The only reason I'd like to output the matchboxes is because I read in the 'Things to avoid in a challenge' Meta question that you shouldn't write 'Implement this algorithm' as a challenge in itself - let people figure out their own logic/adaptation of the problem. This way, the problem is 'When given these inputs, give an output following this logic'. However, I've edited the question to only output the matchboxes at the end of each game just to neaten the output a bit more. – Geza Kerecsenyi – 2019-03-01T22:33:36.373

Am I skimming a rule or is the number of beads at the beginning never defined anywhere? I see in the article it's the box representing Menace’s first turn had four beads for each different move. The boxes representing the layouts of the board for Menace’s second turn contained three beads for each different move; there were two beads each for Menace’s third; and one of each in the boxes representing Menace’s fourth go.
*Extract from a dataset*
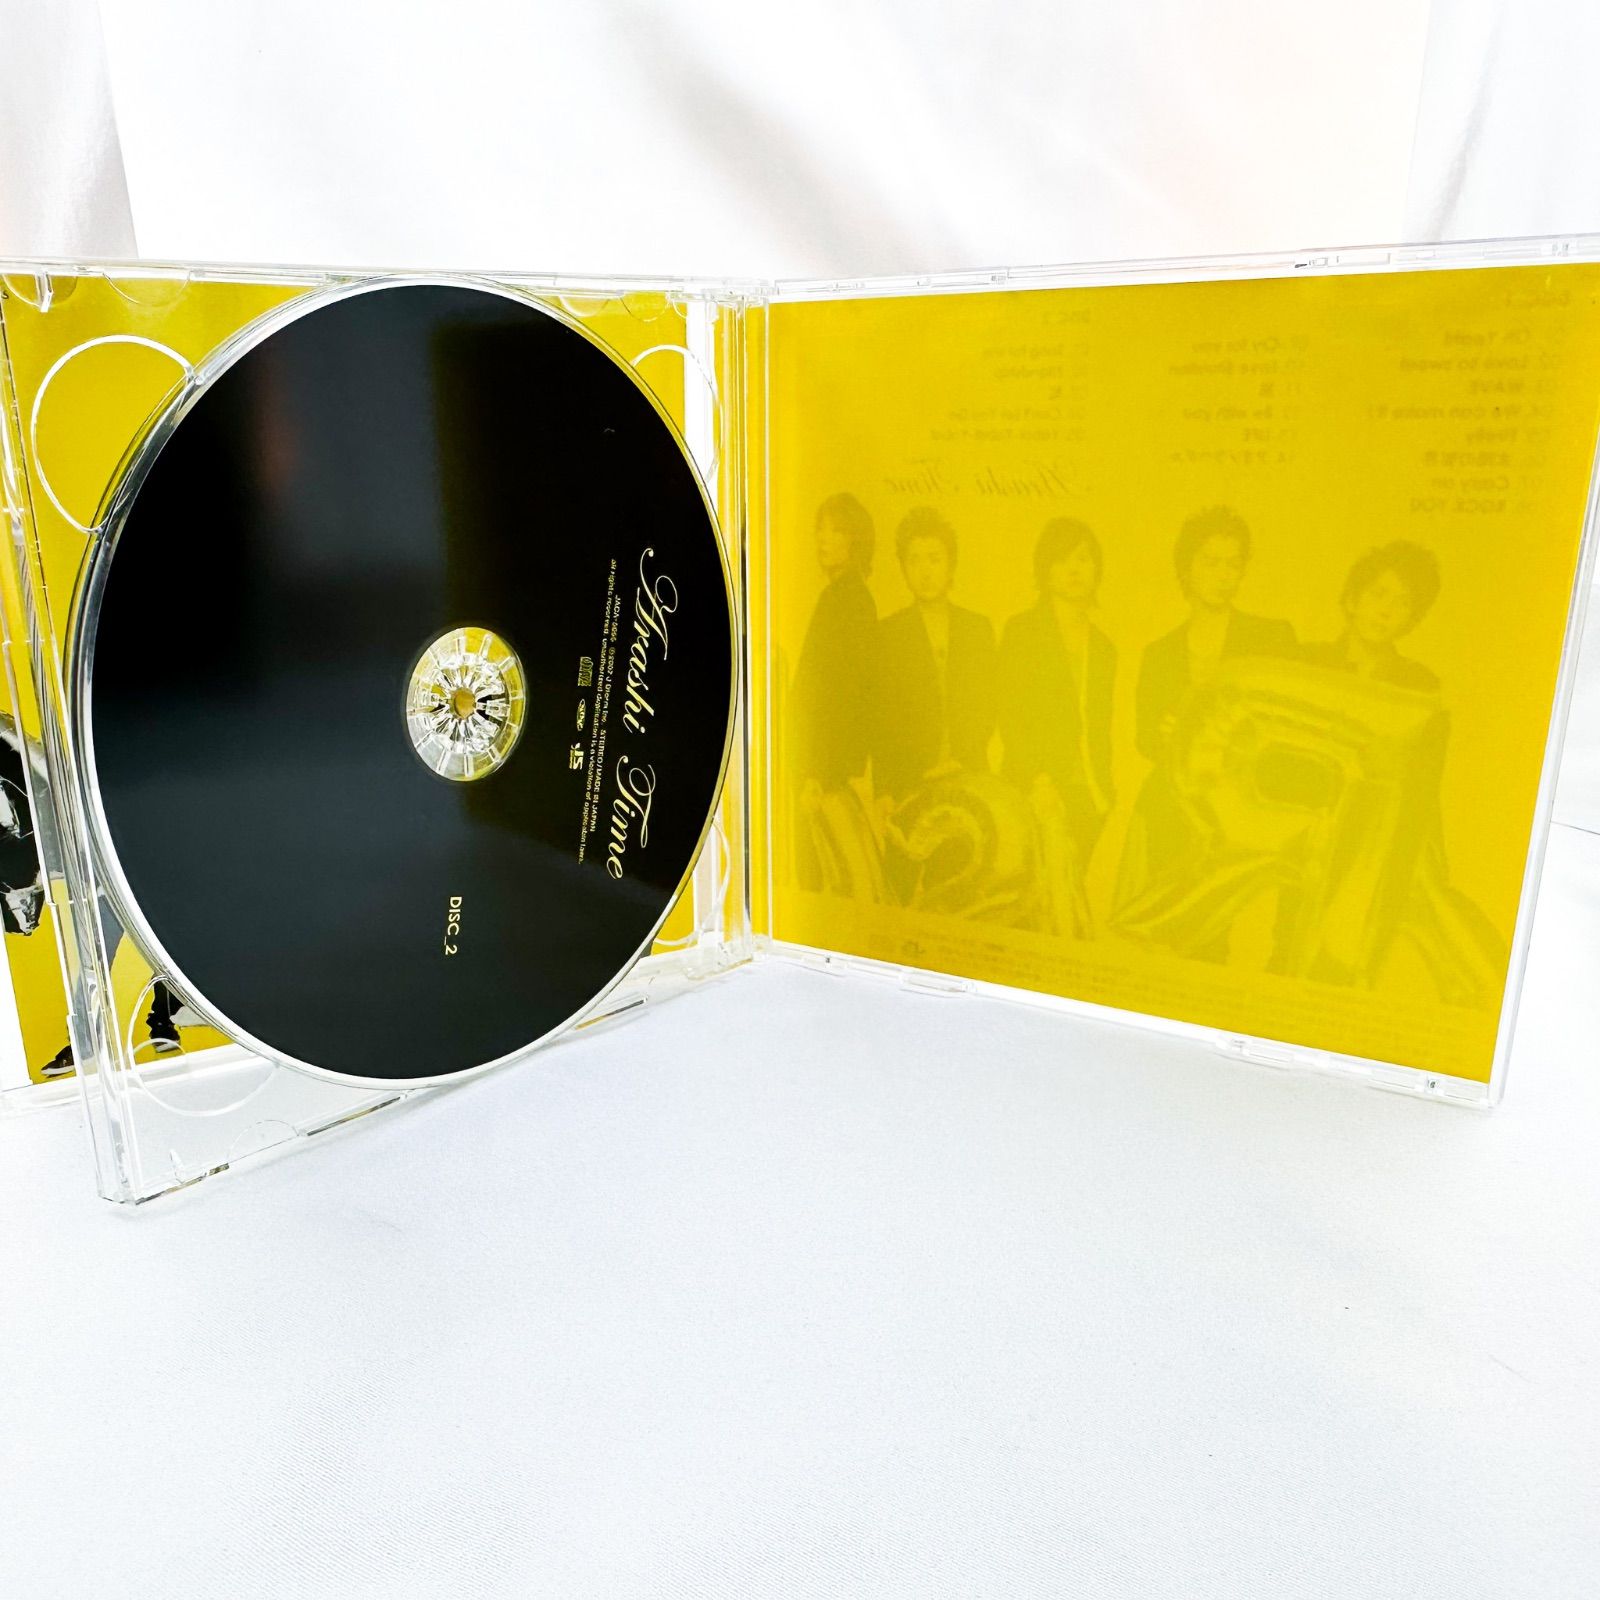 嵐 Time 初回限定盤 CD (2枚組) (B) - メルカリ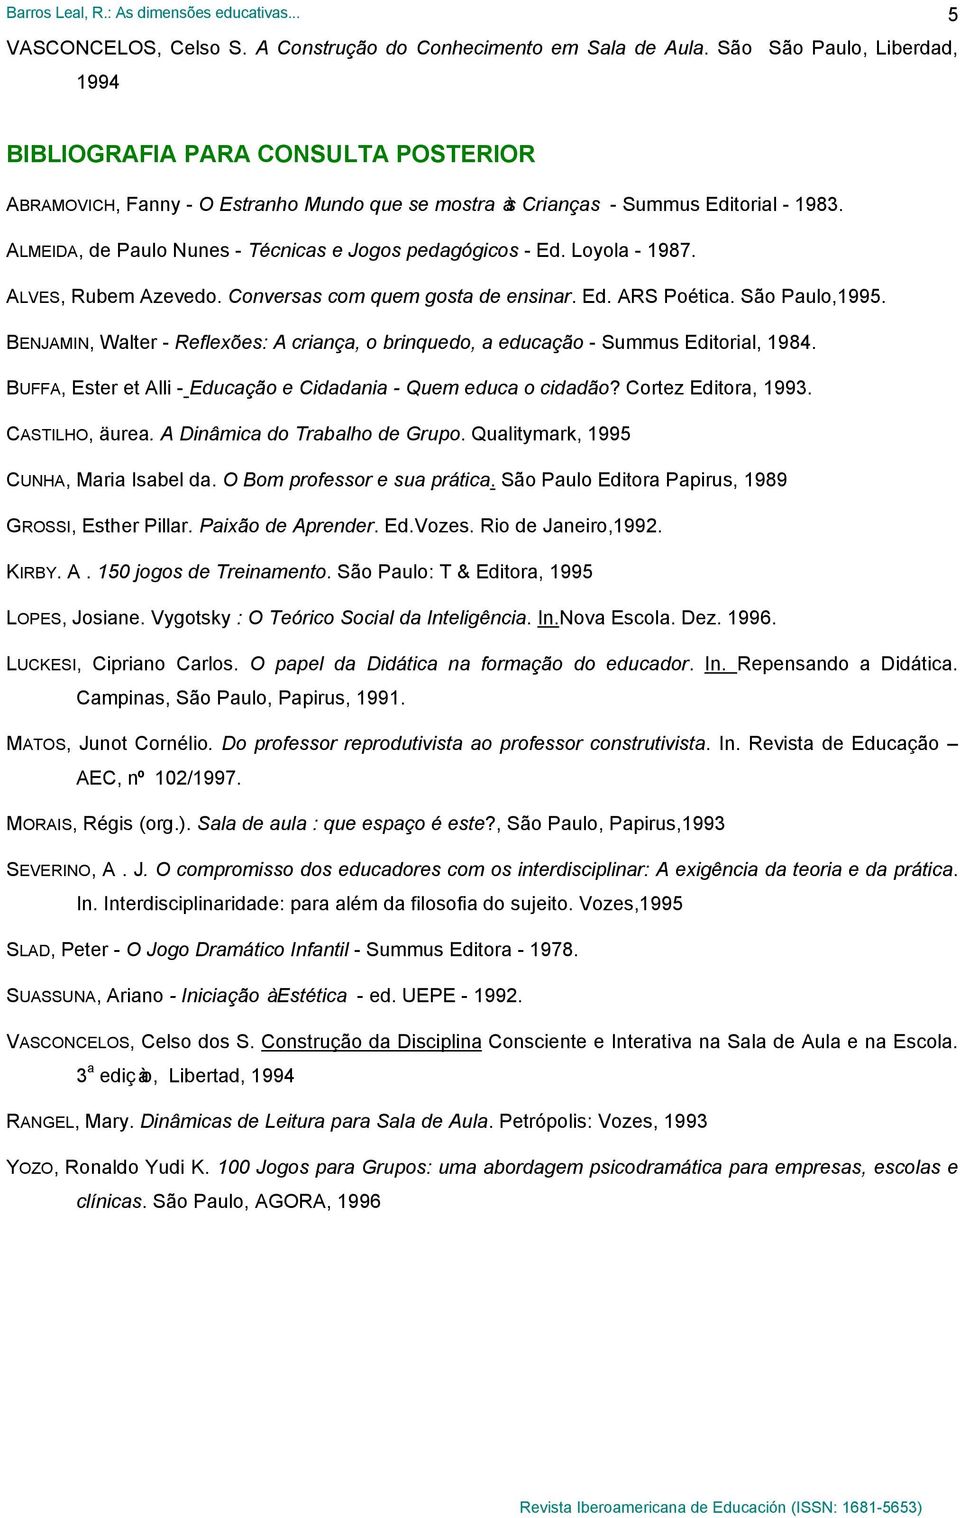 ALMEIDA, de Paulo Nunes - Técnicas e Jogos pedagógicos - Ed. Loyola - 1987. ALVES, Rubem Azevedo. Conversas com quem gosta de ensinar. Ed. ARS Poética. São Paulo,1995.

Is this the case here? – Veskah – 2019-07-01T12:09:57.673

@Veskah no, it can have from 1-9 beads. – Geza Kerecsenyi – 2019-07-01T12:38:53.550

Answers

3

R, 839 bytes

options(max.print=1e5)
s=colSums
r=rowSums
m=matrix
a=array
y=apply
S=sum
p=sample
b=m(rep(i<-1:(K=3^9),e=9)%/%(E=3^(8:0))%%3,c(9,K))
V=a(1:9,c(3,3,8))
V[,,2:4]=c(V[x<-3:1,,1],V[,x,1],V[x,x,1])
V[,,5:8]=y(V[,,1:4],3,t)
d=aperm(a(b[c(V),],c(9,8,K)),c(1,3,2))
v=m(V,9)
g=y(m(match(e<-y(d*E,2:3,S),i),,8),1,min)
g[K]=K
G=9-y(t(e==g)*8:1,2,max)
h=s(a(c(b,d[,,5],b[c(1,5,9,3,5,7,1:3),]),c(3,3,K,3))*3^(0:2))
k=r(s(h==13))>0
l=r(s(h==26))>0
o=s(b>0)
M=b
M[M==0]=-1
repeat{A=b[,t<-K]
z=j=c();B=1
repeat{if(S(pmax(-M[,t],0))<1)M[p(9,pmin(3,S(x)),,x<-M[,t]<1),t]=-1
z=c(z,u<-p(9,1,,pmax(-M[,t],0)))
j=c(j,t)
A[v[,G[B]][u]]=1
print(m(A,3))
if(k[B<-S(A*E)]||o[B]==9)break
A[ceiling((utf8ToInt(readline())-76)/5)%*%c(1,3)+1]=2
if(l[B<-S(A*E)])break
t=g[B]}
M[x]=M[x<-cbind(z,j)]-k[B]+l[B]
print(a(M[,g==seq(g)&!k&!l&s(b==1)==s(b==2)&o<8],c(3,3,304)))}

Try it online!

Quite a long answer, but this wasn't a straightforward challenge. The TIO link here will fail because it expects interactive input. Here's a version that plays against a second, random player who just picks a spot at random. The output for this second version is just the winner (1, 2 or 0 for a draw.) Matchboxes are initialised for all board positions, but only used for the 304 per the spec. They're implemented as copies of the board with negative numbers to indicate the number of beads on each position. I experimented with a list of vectors per the original spec, but it was less intuitive.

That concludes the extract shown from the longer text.